Combating VAT Fraud on imports: A major challenge for the EU

Value-added tax (VAT) fraud is a persistent problem for the European Union, affecting the public finances of its Member States. In 2022, the European Commission estimated that losses due to this fraud amounted to 89 billion euros.

Among the main sources of this fraud are simplified customs procedures, such as customs regime 42 and the Import One-Stop Shop (IOSS), which, although intended to facilitate trade, are frequently misused.

A recent report by the European Court of Auditors highlights the system’s flaws and proposes necessary reforms to safeguard the EU’s financial interests.

Customs regime 42 allows goods imported into one EU Member State but intended for another to be exempt from VAT. While this procedure simplifies trade, it also carries fraud risks, as it enables certain operators to avoid declaring and paying VAT in the Member State of importation.

Similarly, the IOSS, which streamlines VAT collection for low-value online sales, is often misused through practices such as under-declaring prices or the fraudulent use of VAT identification numbers.

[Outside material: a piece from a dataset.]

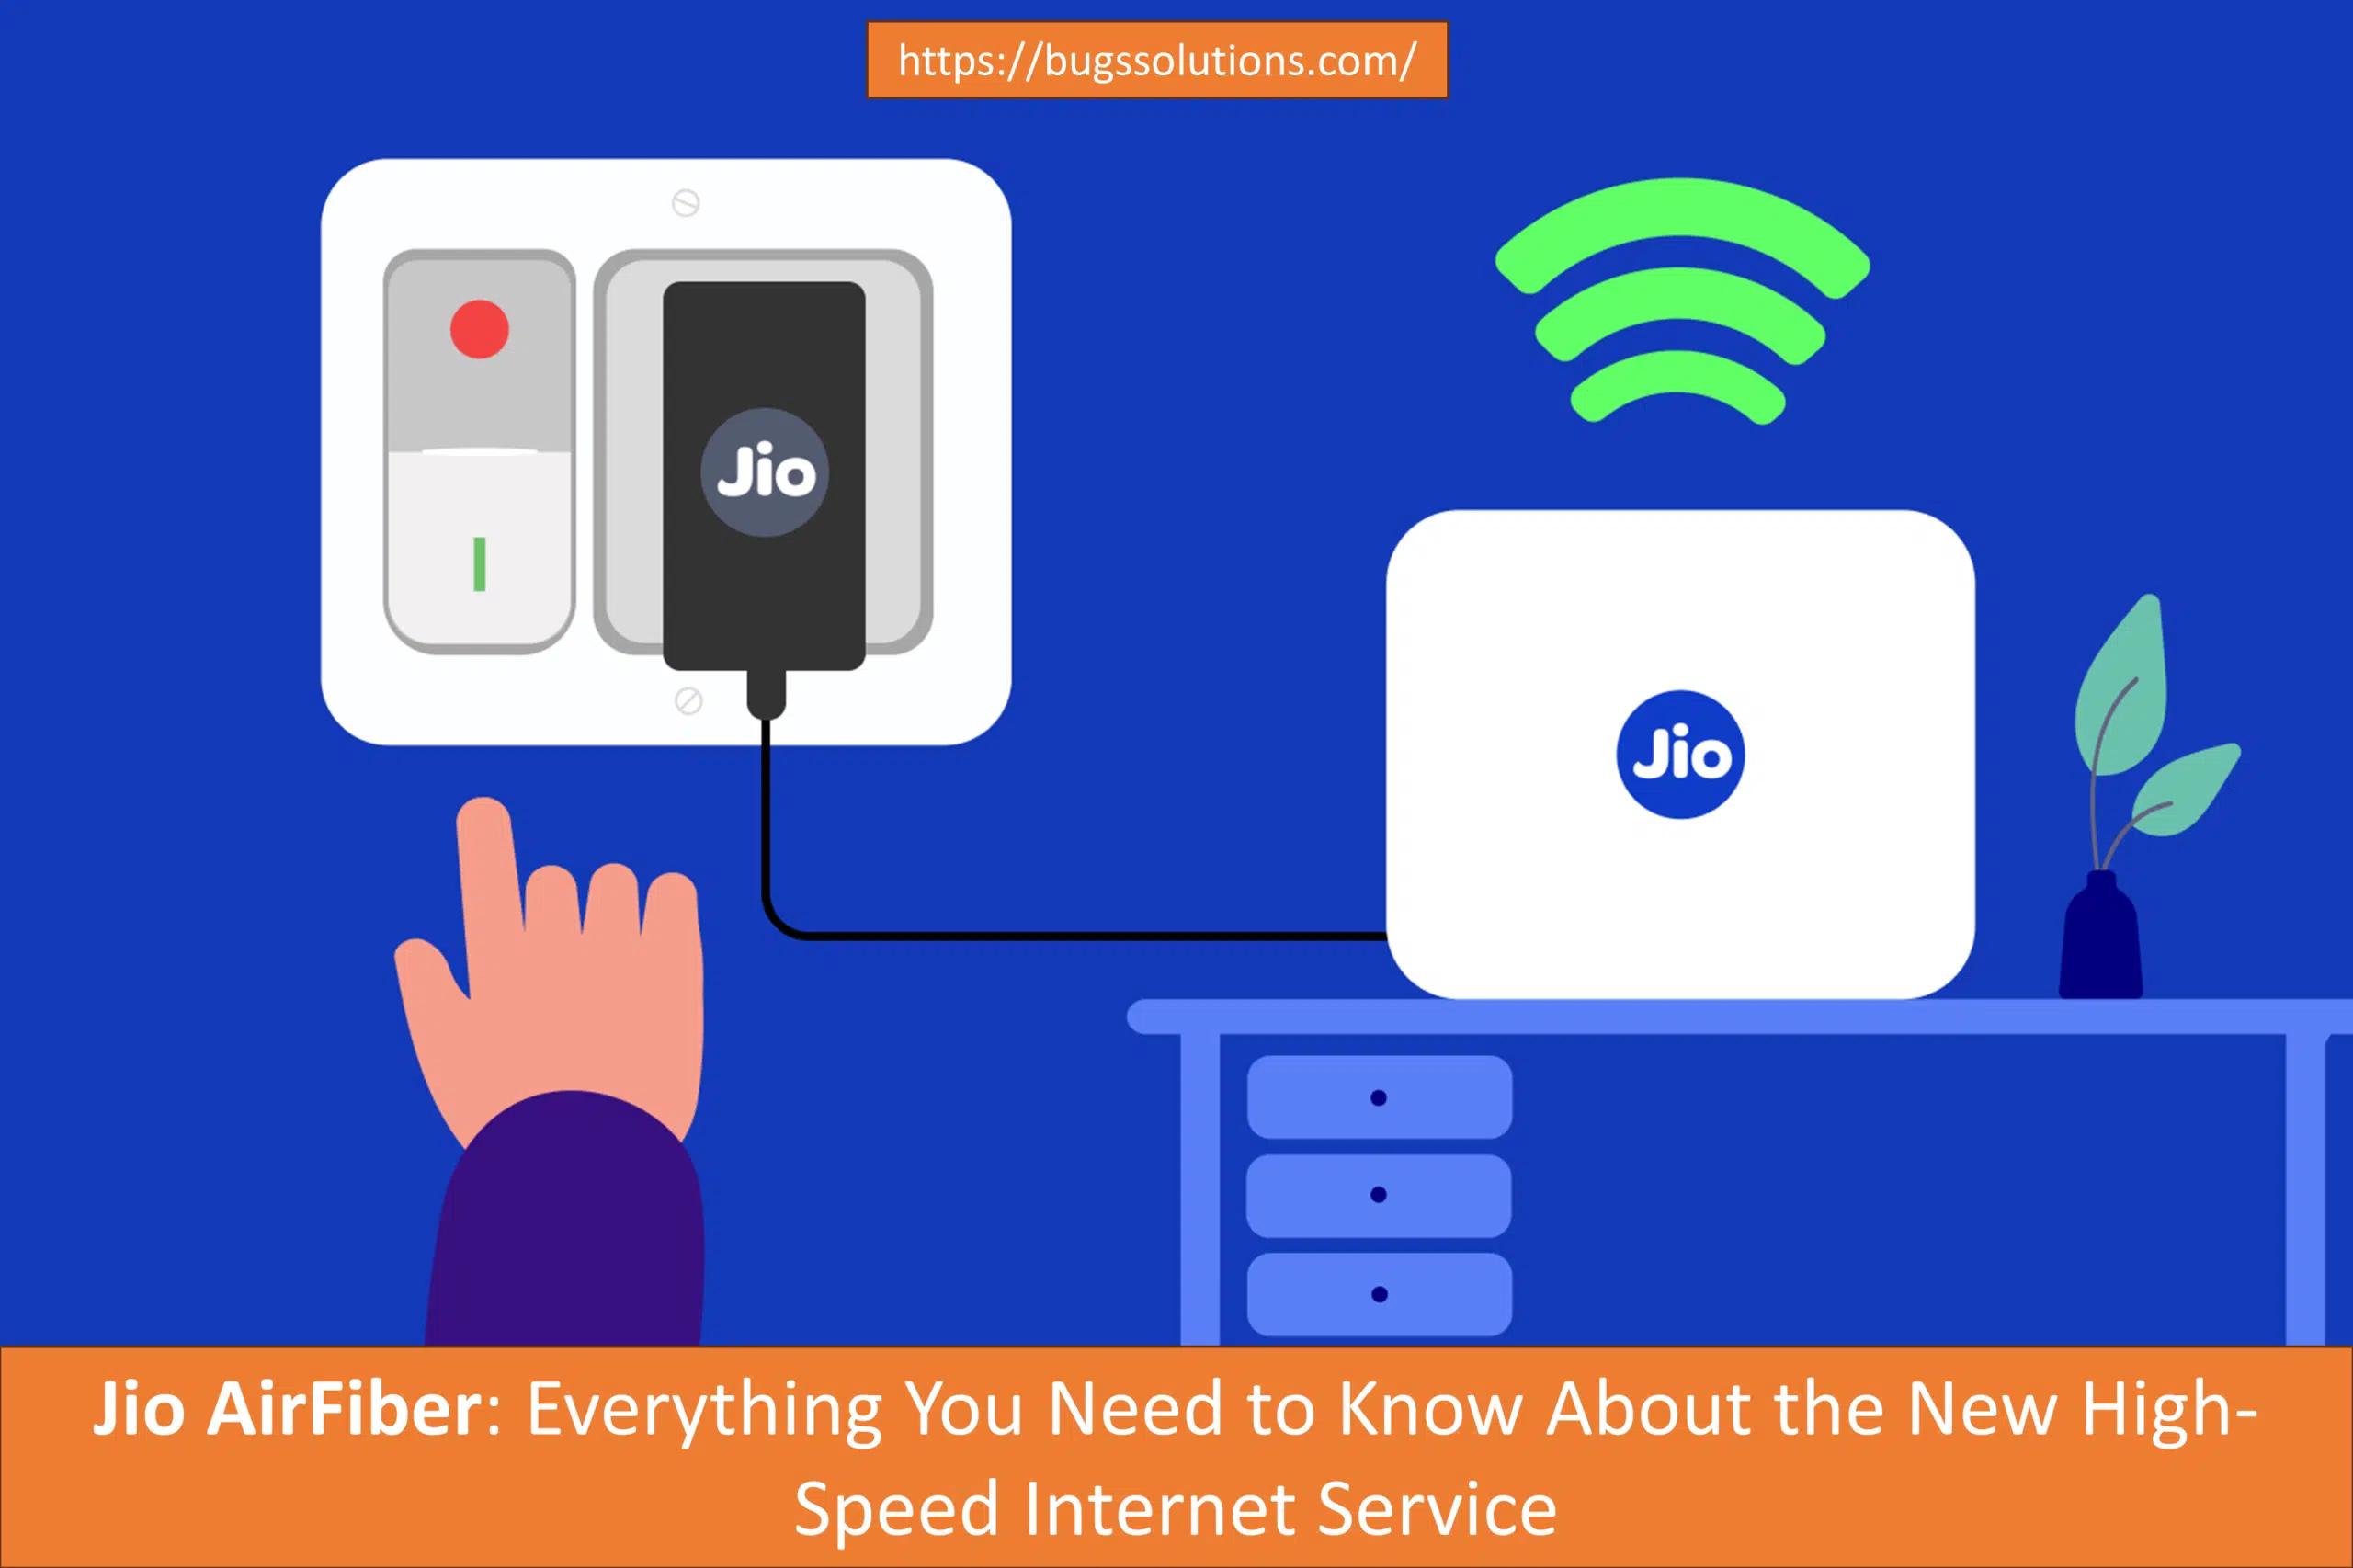 Jio AirFiber: Everything You Need to Know About the New High-Speed Internet Service

The Court of Auditors’ report points out several regulatory and technical shortcomings:

  • Inadequate controls : Member States’ customs authorities do not systematically verify importers’ identities or the accuracy of declarations. Furthermore, cooperation among Member States remains weak, hindering the exchange of crucial information needed to detect fraud.
  • Inconsistent sanctions: The enforcement of penalties varies significantly from one country to another, creating loopholes that fraudsters can exploit.
  • Lack of post-release verifications: Although credibility checks exist, they are rarely conducted once goods have been released for free circulation, allowing them to avoid VAT undetected.

In response to these challenges, the Court of Auditors recommends several actions:

  • Strengthen the harmonization of rules among Member States to ensure uniform application of controls and sanctions.
  • Require proof of transport upon importation to prevent abuses of customs regime 42.
  • Increase cooperation between customs and tax authorities, and reinforce Eurofisc’s role in combating cross-border fraud.

In conclusion, the report calls for a thorough revision of the regulatory framework and enhanced controls to safeguard the EU’s finances while facilitating trade. In light of increasing fraud risks, the EU must modernize its approach to maintain the integrity of the single market.